AutoEvals is a tool for quickly and easily evaluating AI model outputs. It comes with a variety of evaluation methods, including heuristic (e.g. Levenshtein distance), statistical (e.g. BLEU), and model-based (using LLMs).

Many of the model-based evaluations are adapted from OpenAI's excellent evals, project but are implemented so you can flexibly run them on individual examples, tweak the prompts, and debug their outputs.

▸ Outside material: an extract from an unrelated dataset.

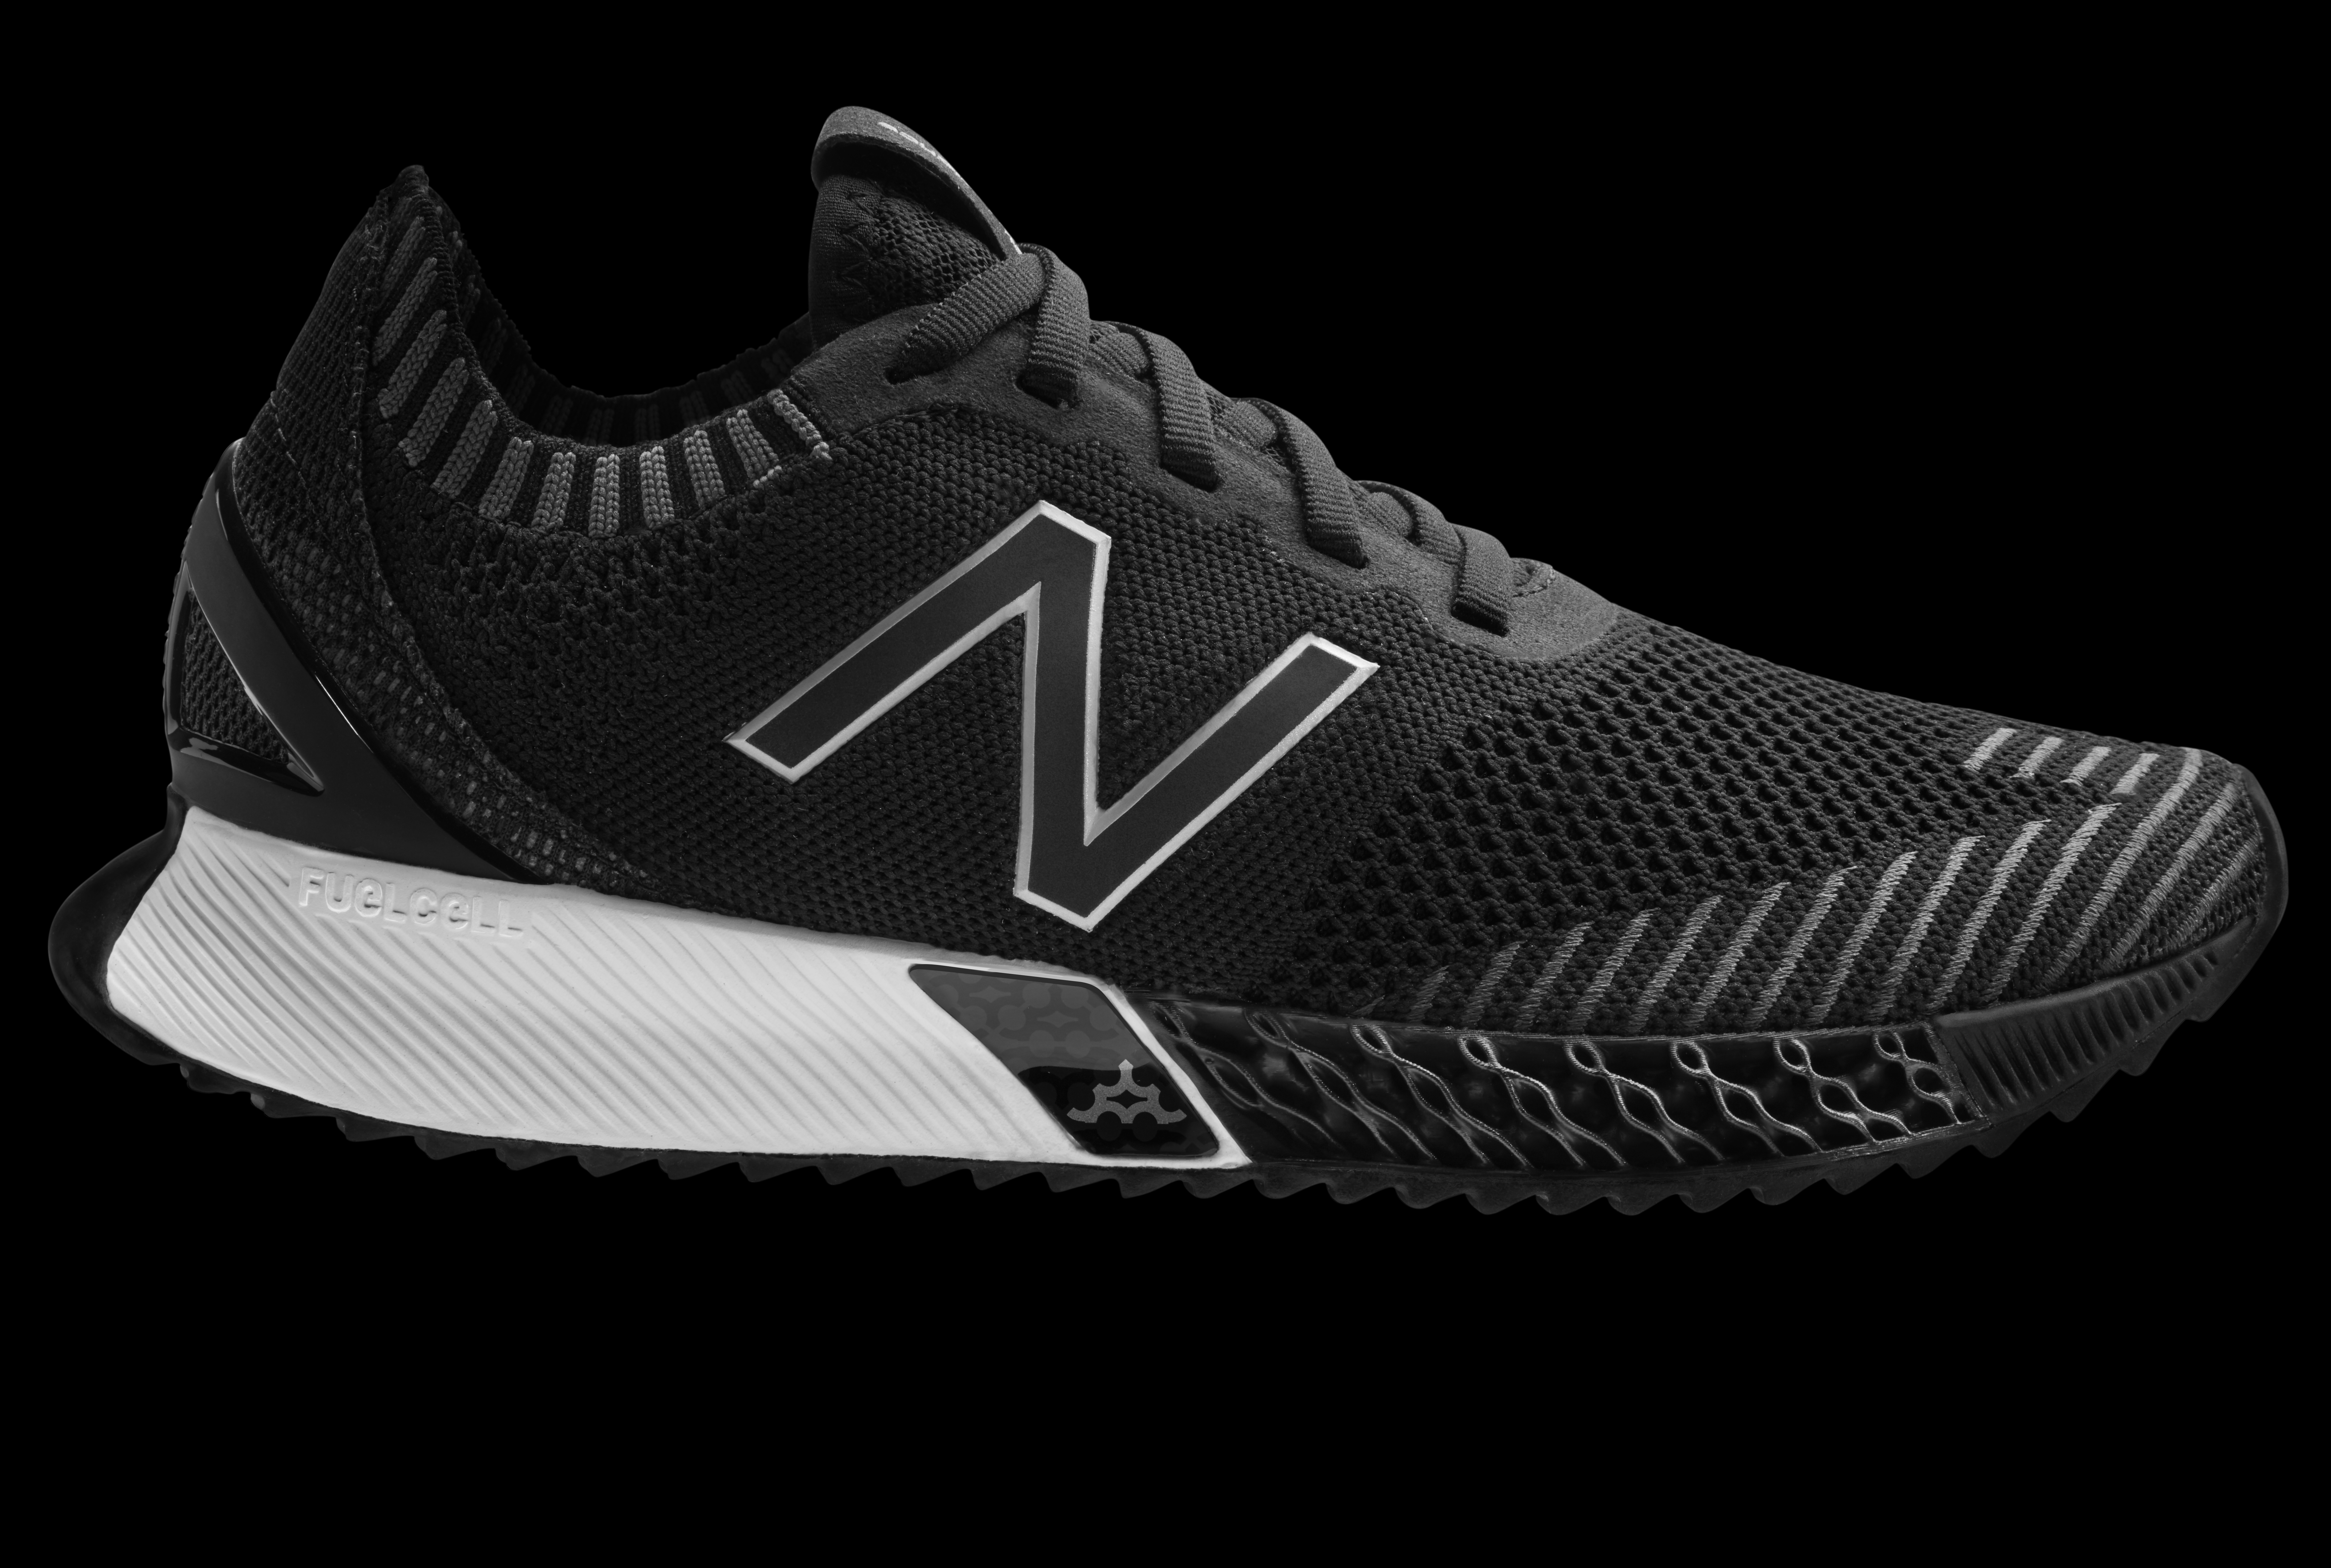 Portal horario Objetivo New Balance and Formlabs reveal TripleCell sneaker with upgraded 3D printed  forefoot - 3D Printing Industry
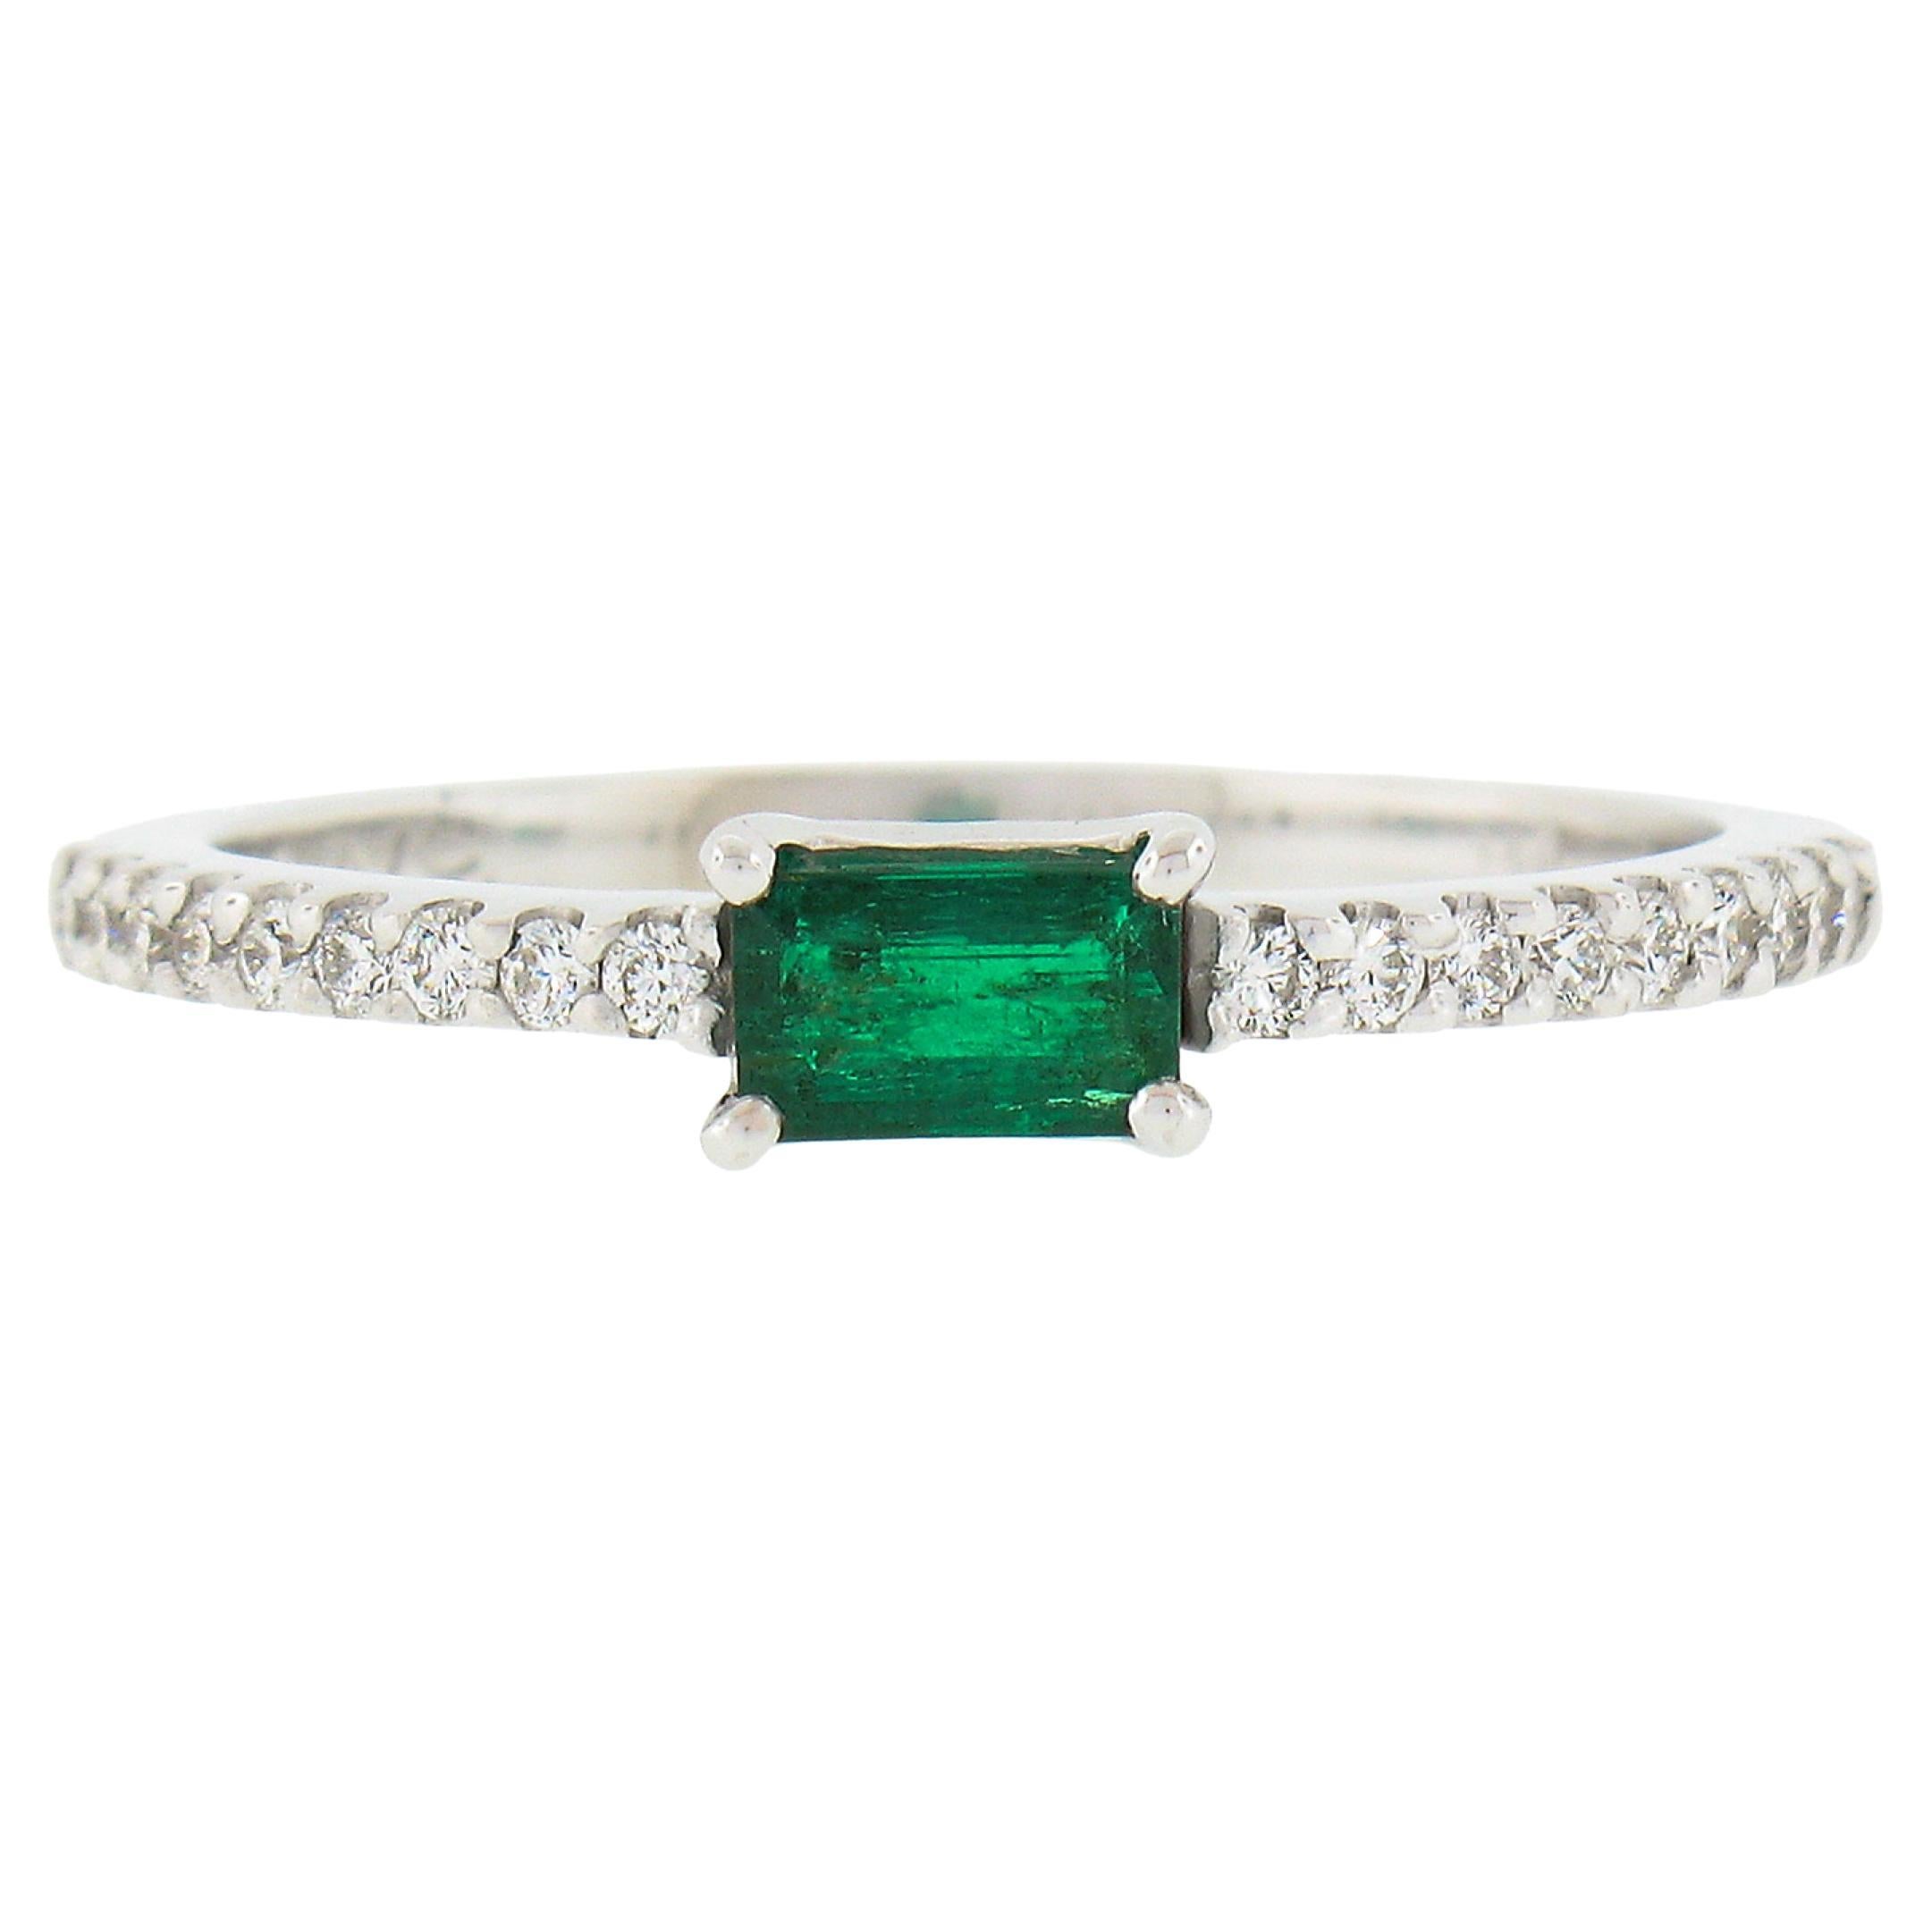 14k White Gold 0.44ctw Emerald & Diamond Sideways Engagement Stackable Band Ring

You can also add your own custom prompts, and use AutoEvals to deal with adding Chain-of-Thought, parsing outputs, and managing exceptions.

Installation

To install AutoEvals, run the following command:

pip install autoevals

Example

from autoevals.llm import *

evaluator = Fact()
result = evaluator(
    output="People's Republic of China", expected="China",
    input="Which country has the highest population?"
)
print(result.score)
print(result.metadata)

Supported Evaluation Methods

Heuristic

  • Levenshtein distance

  • Jaccard distance

  • BLEU

Model-Based Classification

  • Battle
  • ClosedQA
  • Humor
  • Factuality
  • Security
  • Summarization
  • SQL
  • Translation

Other Model-Based

  • Embedding distance
  • Fine-tuned classifiers

Custom Evaluation Prompts

AutoEvals supports custom evaluation prompts. To use them, simply pass in a prompt and scoring mechanism:

from autoevals import LLMClassifier

evaluator = LLMClassifier(
    """
You are a technical project manager who helps software engineers generate better titles for their GitHub issues.
You will look at the issue description, and pick which of two titles better describes it.

I'm going to provide you with the issue description, and two possible titles.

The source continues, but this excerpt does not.